**GIVEN INFORMATION**.
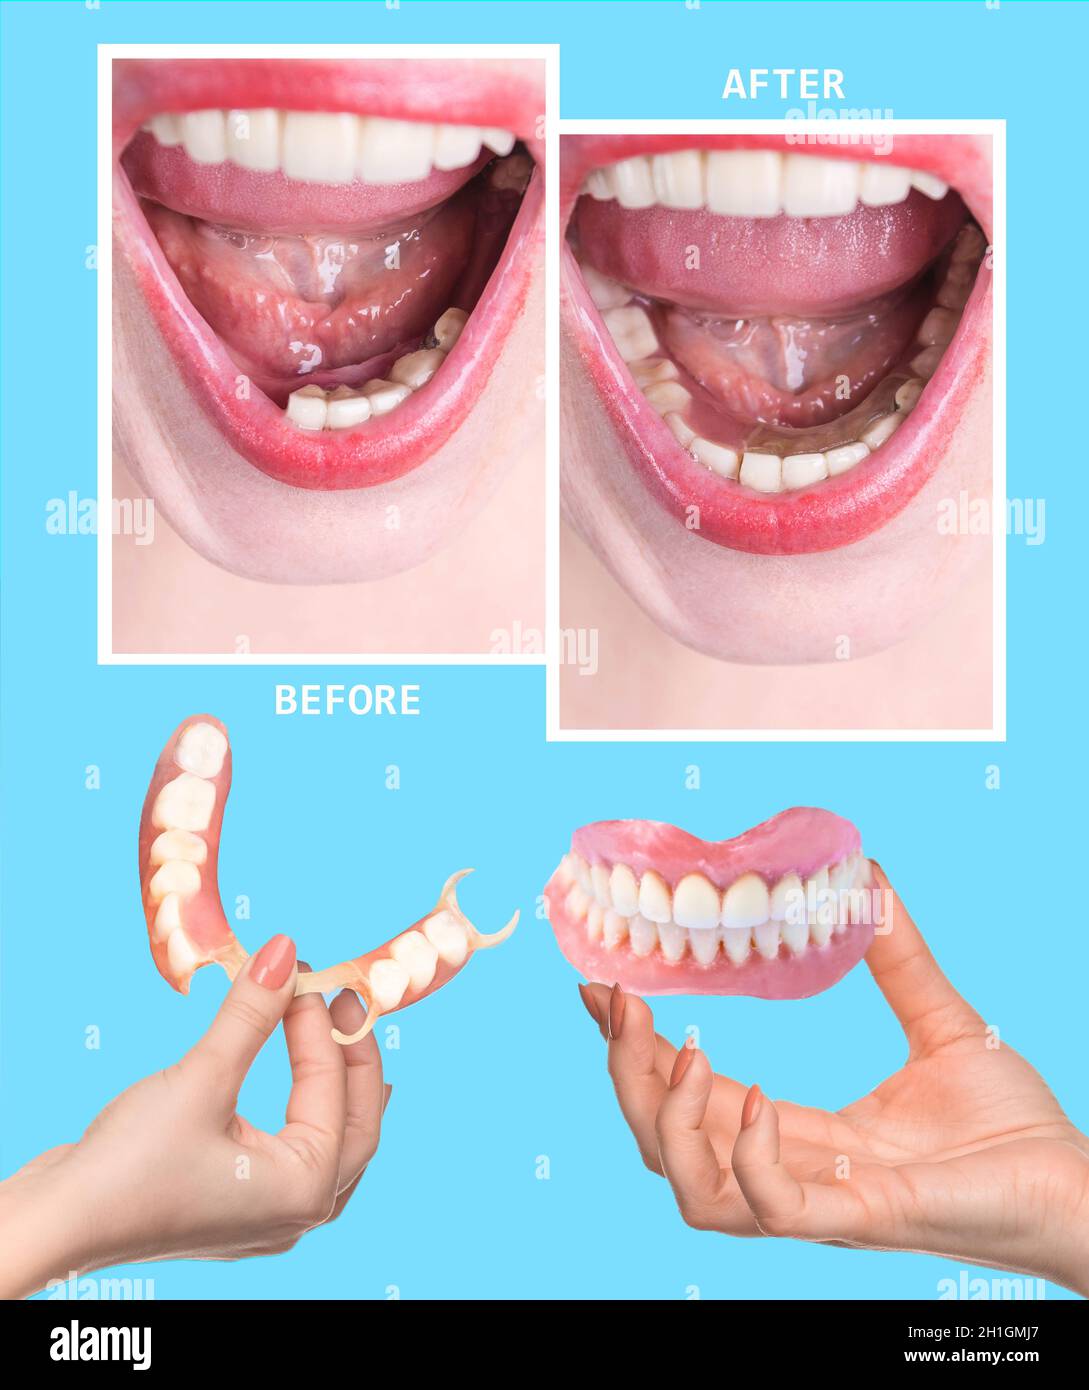 Dental rehabilitation with lower flexible nylon denture, before and after treatment. Removable dentures flexible, devoid of nylon, hypoallergenic exem Stock Photo
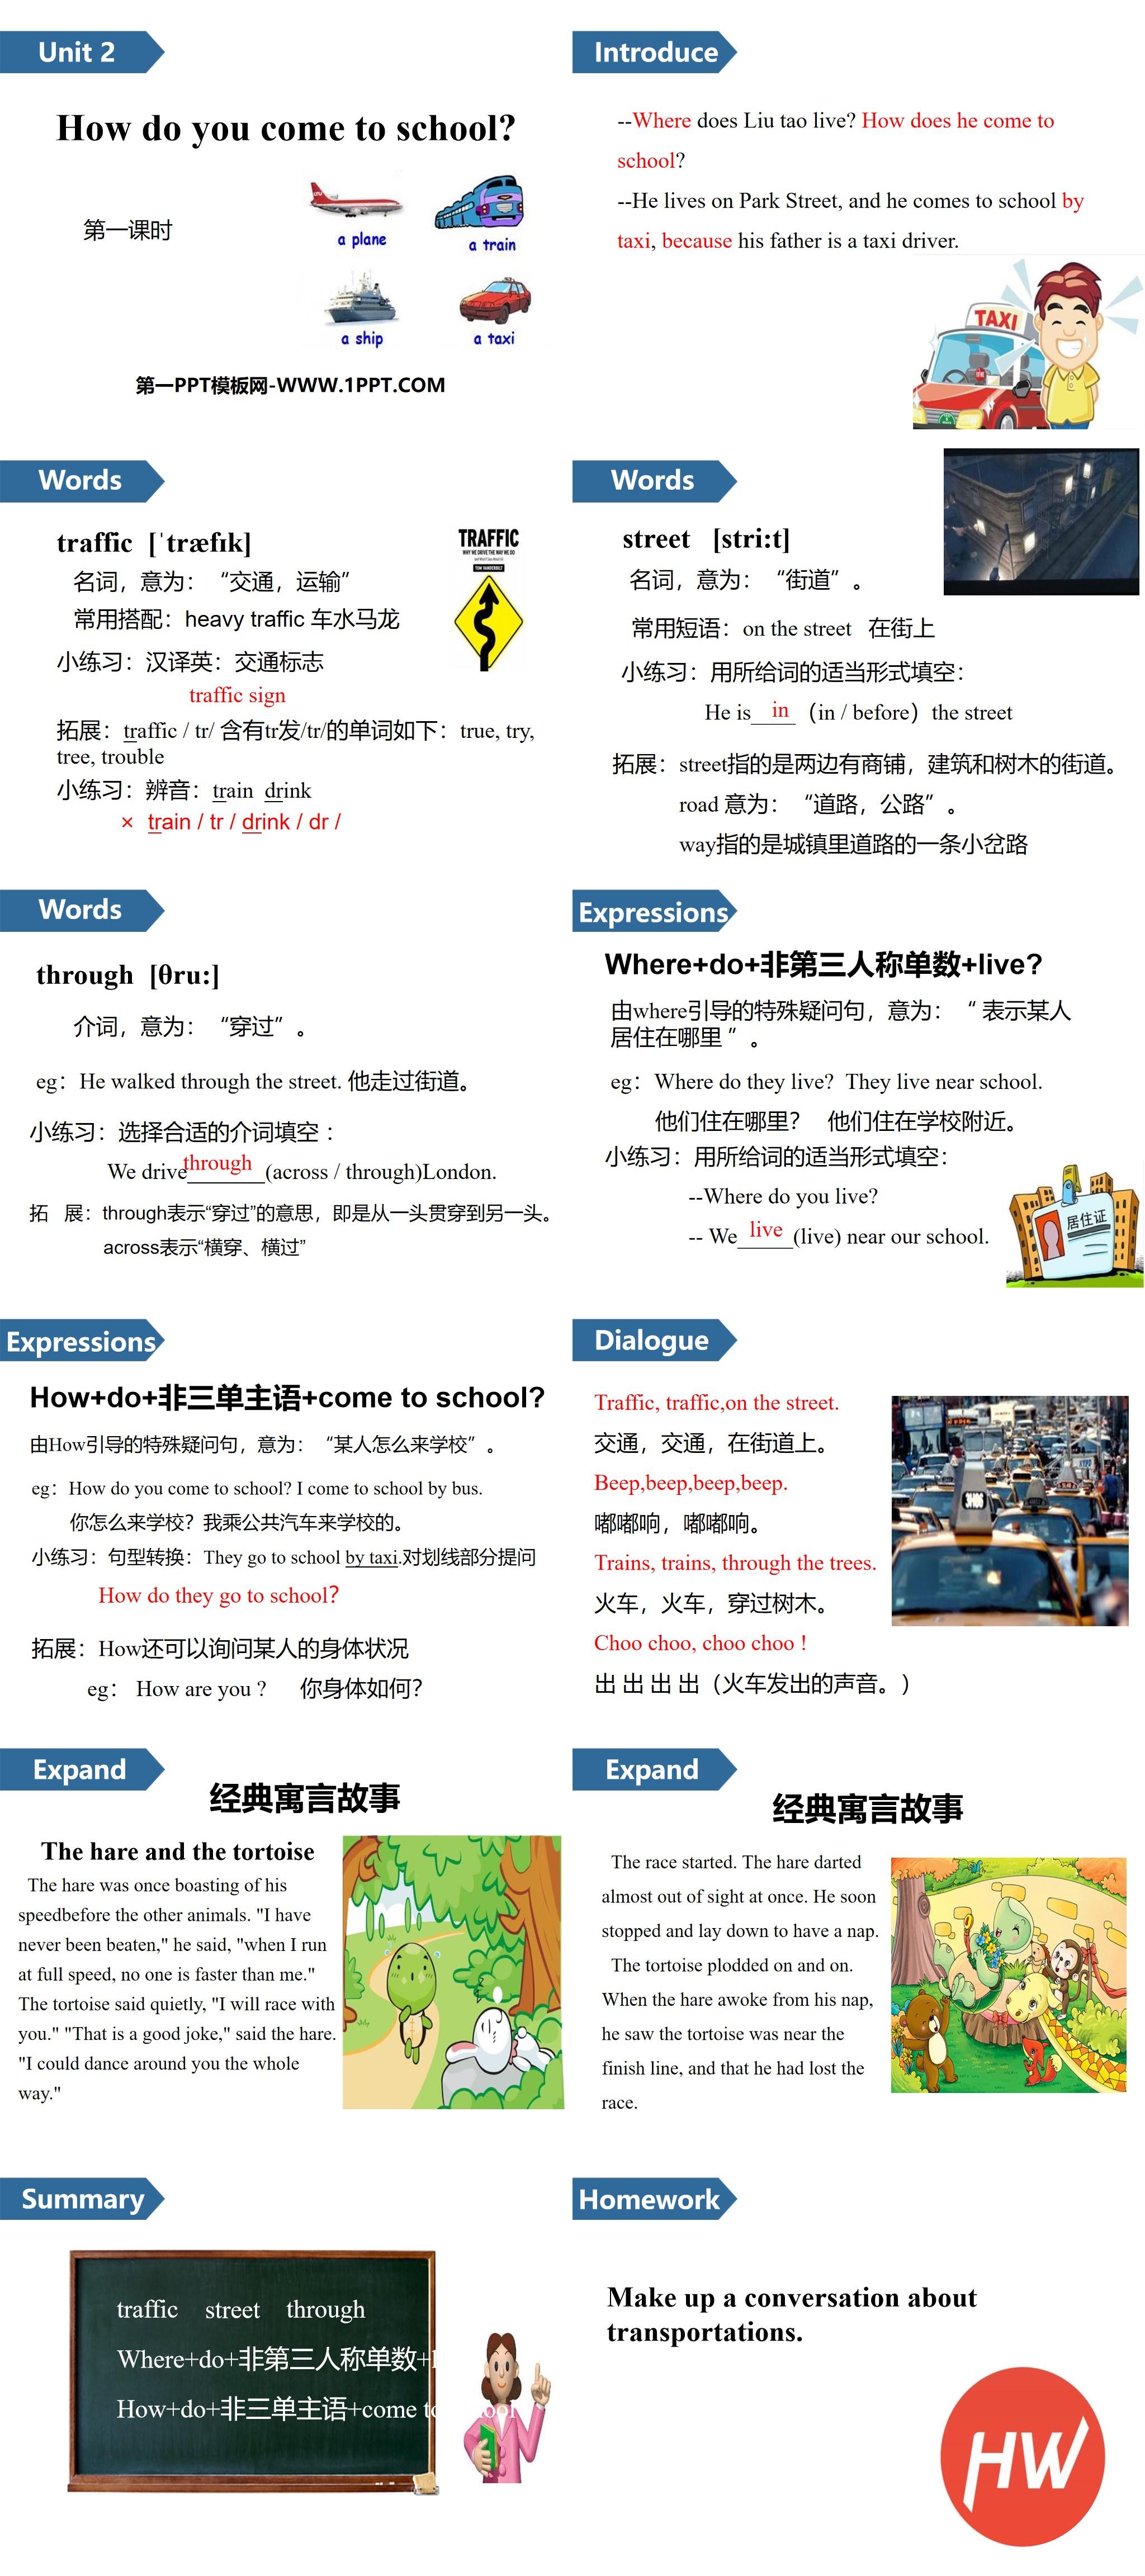 《How do you come to school?》PPT(第一课时)
（2）

**EXERCISE BRIEF**. Output all of the data above exactly; no pictures should appear.

**SOLVED EXERCISE**.
 Dental rehabilitation with lower flexible nylon denture, before and after treatment. Removable dentures flexible, devoid of nylon, hypoallergenic exem Stock Photo
 《How do you come to school?》PPT(第一课时)
（2）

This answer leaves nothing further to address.